Milo Imagines the World by Matt de la Peña & Christian Robinson

Published by Two Hoots, an imprint of Pan Macmillan, 2021.

Milo Imagines the World is an outstanding picture book, bursting with life and love. Milo is on a train journey through the city with his older sister, looking at the faces of the other passengers and drawing pictures of the lives he imagines they lead. The man next to him doing a crossword he imagines playing solitaire, alone in his flat and surrounded by his many pets.

When a little boy in bright white Nikes boards the train, Milo imagines him living in a castle and being waited on by a butler, two maids and a gourmet chef.

However, when they both get off the train at the same stop, it turns out that this little boy is visiting his mom in prison, just like Milo is, and Milo makes an important realisation:

Maybe you can’t really know anyone just by looking at their face.

He then tries to reimagine all the pictures he drew on the train, while now recognising that even these versions are still just possibilities.

I love Milo’s curiosity and imagination. He’s a thoughtful and astute little boy; I liked the scene when he looks at his own reflection in the train carriage window and wonders what other people might imagine about him.

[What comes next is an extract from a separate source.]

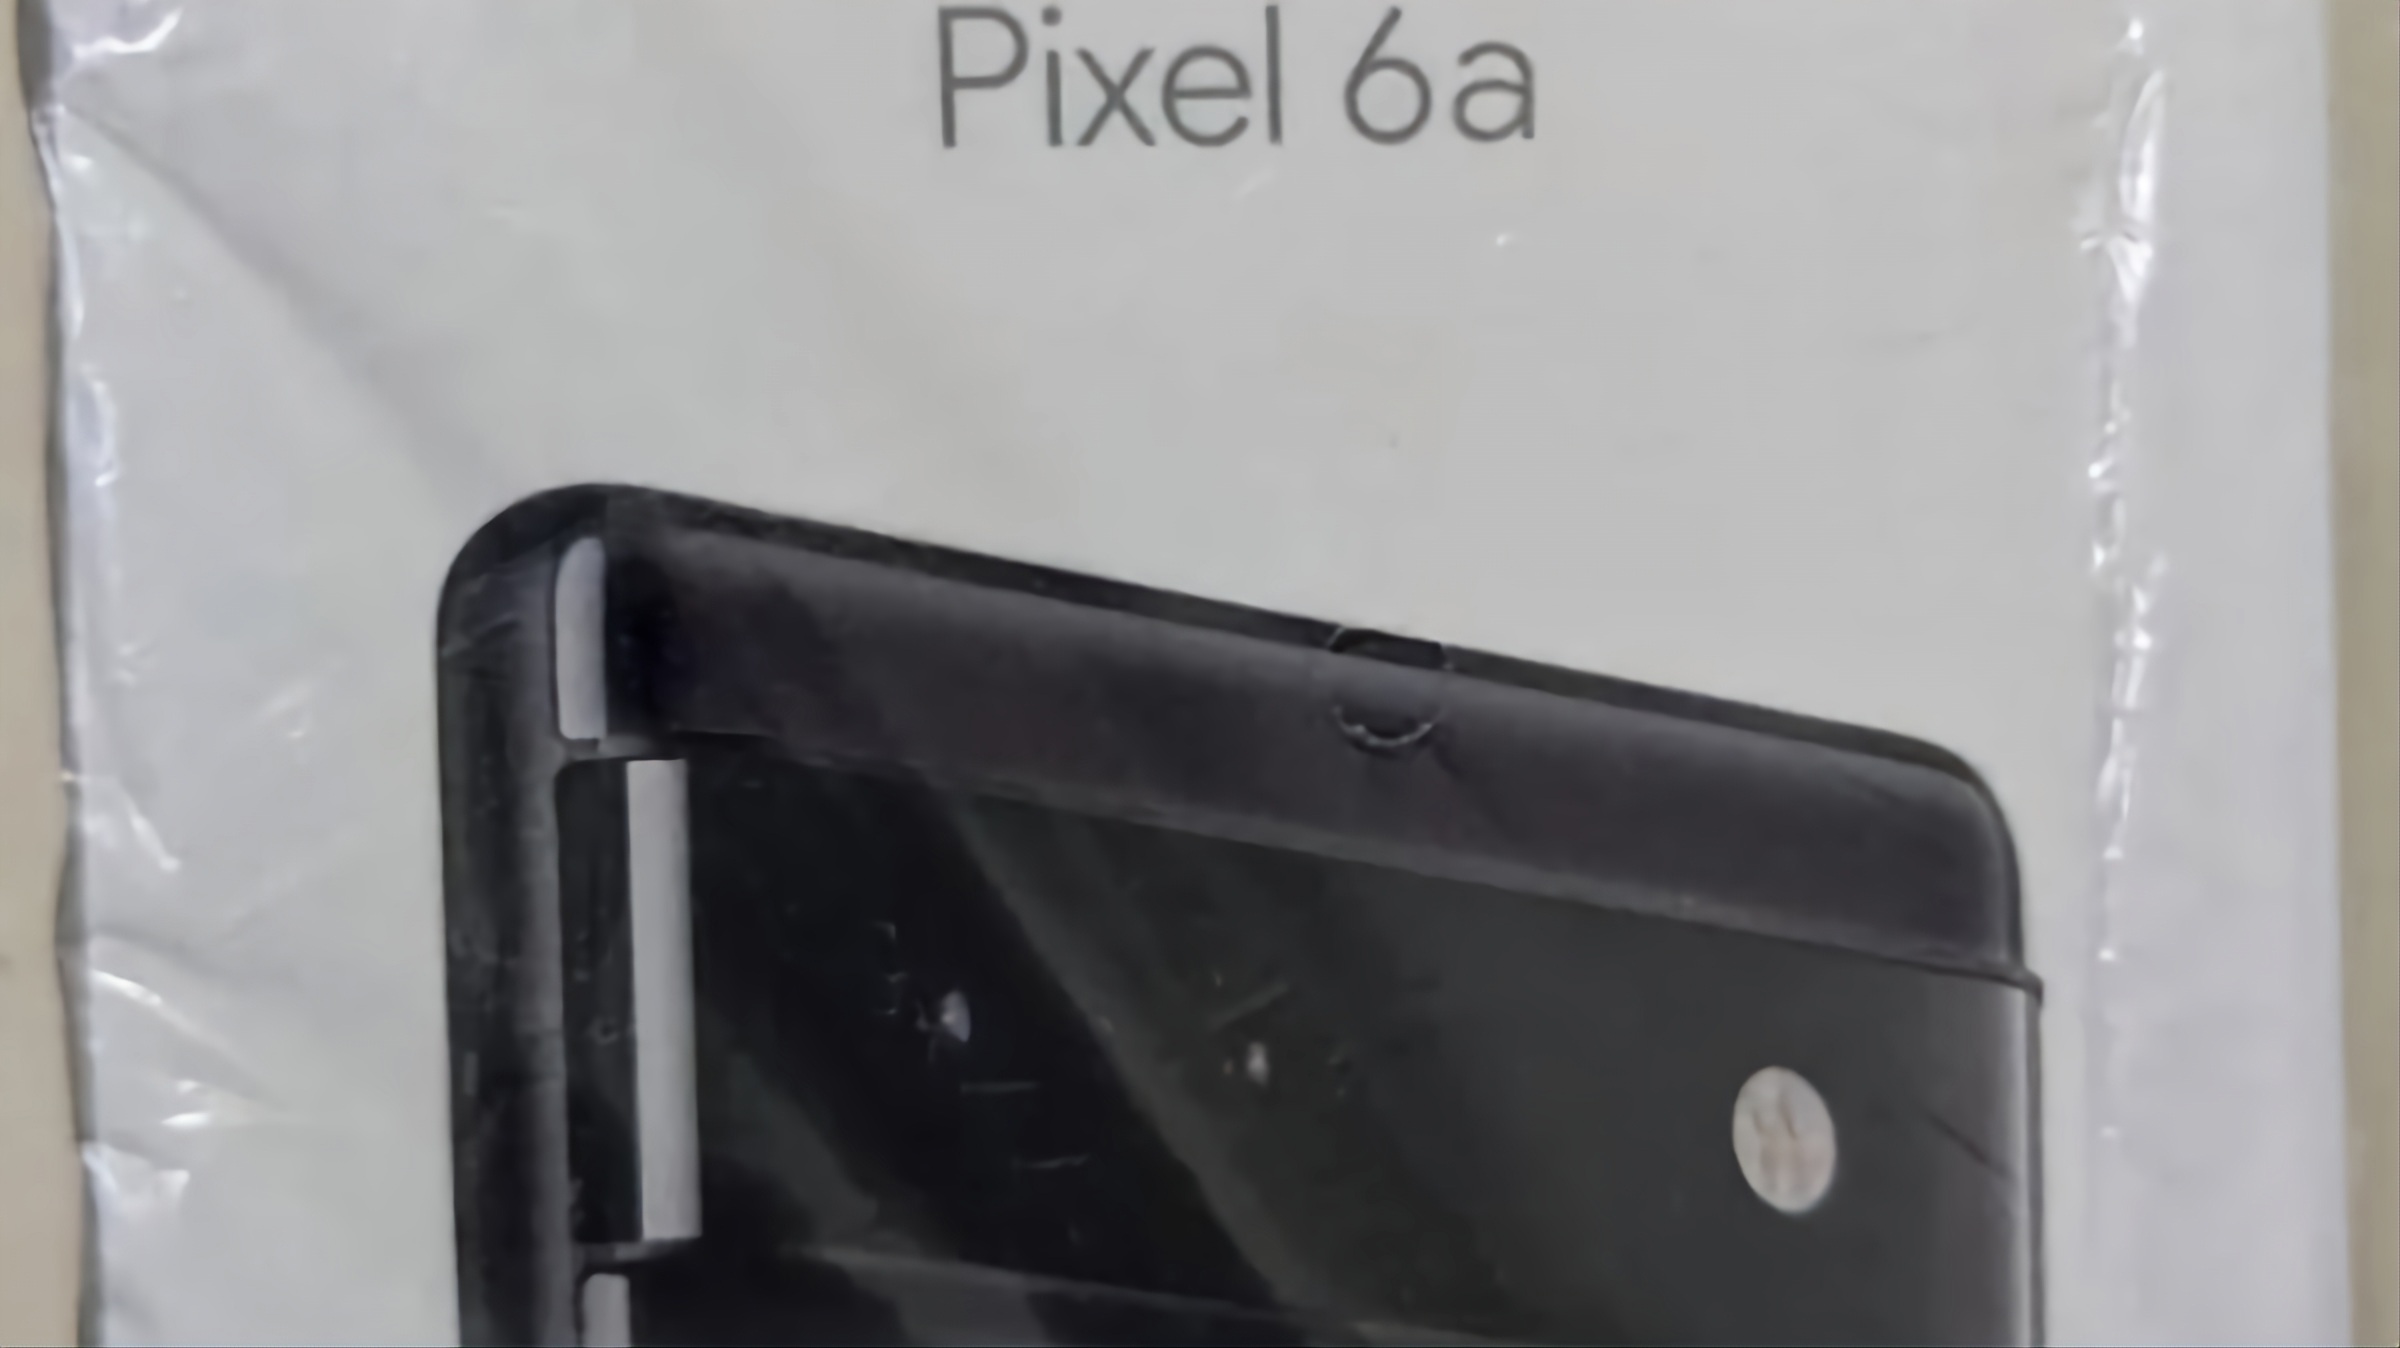 جعبه Pixel 6a گوگل لو رفت: تایید طراحی مشابه Pixel 6

The story is beautifully told with wonderfully evocative language. As the train pulls into the underground station, “a cool rush of wind quiets into a screech of steel”. The bride-to-be has “a face made out of light” and Milo, with his mix of emotions, is described as “a shook-up soda”. The collaged illustrations are incredible too. They capture the energy and vibrancy of a busy train ride and a bustling city. There’s so much to spot and enjoy in the pictures: the little dog peeking out of a handbag, musicians busking, the twist of limbs and colour as kids breakdance on the train…

I love how we get to see inside Milo’s sketchbook too – its spiral bound pages spread open across the double page of the book.

The book will really strike a chord with readers because making assumptions about the people we meet based purely on appearance is something we all do, whether consciously or subconsciously. The story opens up the possibility for discussions about prejudice and bias. Milo Imagines the World is also a wonderful book for developing empathy. It helps children broaden their understanding of families and family life. My son and I had a chat about how Milo’s life was different yet also similar to his own: both have bedtime stories with Mommy but Milo’s are over the phone. Milo’s mommy is in prison but still loves him just as much. The book is also crucially important because it recognises a family dynamic that is very rarely represented in children’s picture books and helps all children to see themselves in fiction. This is vital when we consider that an estimated 310,000 children every year have a parent in prison in England and Wales and 10,000 visits are made by children to our public prisons every week. *

Milo Imagines the World is a picture book that’s heartwarming and hopeful, and very moving – sentiments that are captured beautifully in the book’s final image: the picture in his sketchbook that Milo has drawn for his mom.

Rating: 💙💙💙💙💙

Suitable for children aged 4+

Thank you to Two Hoots for sending me this book to review.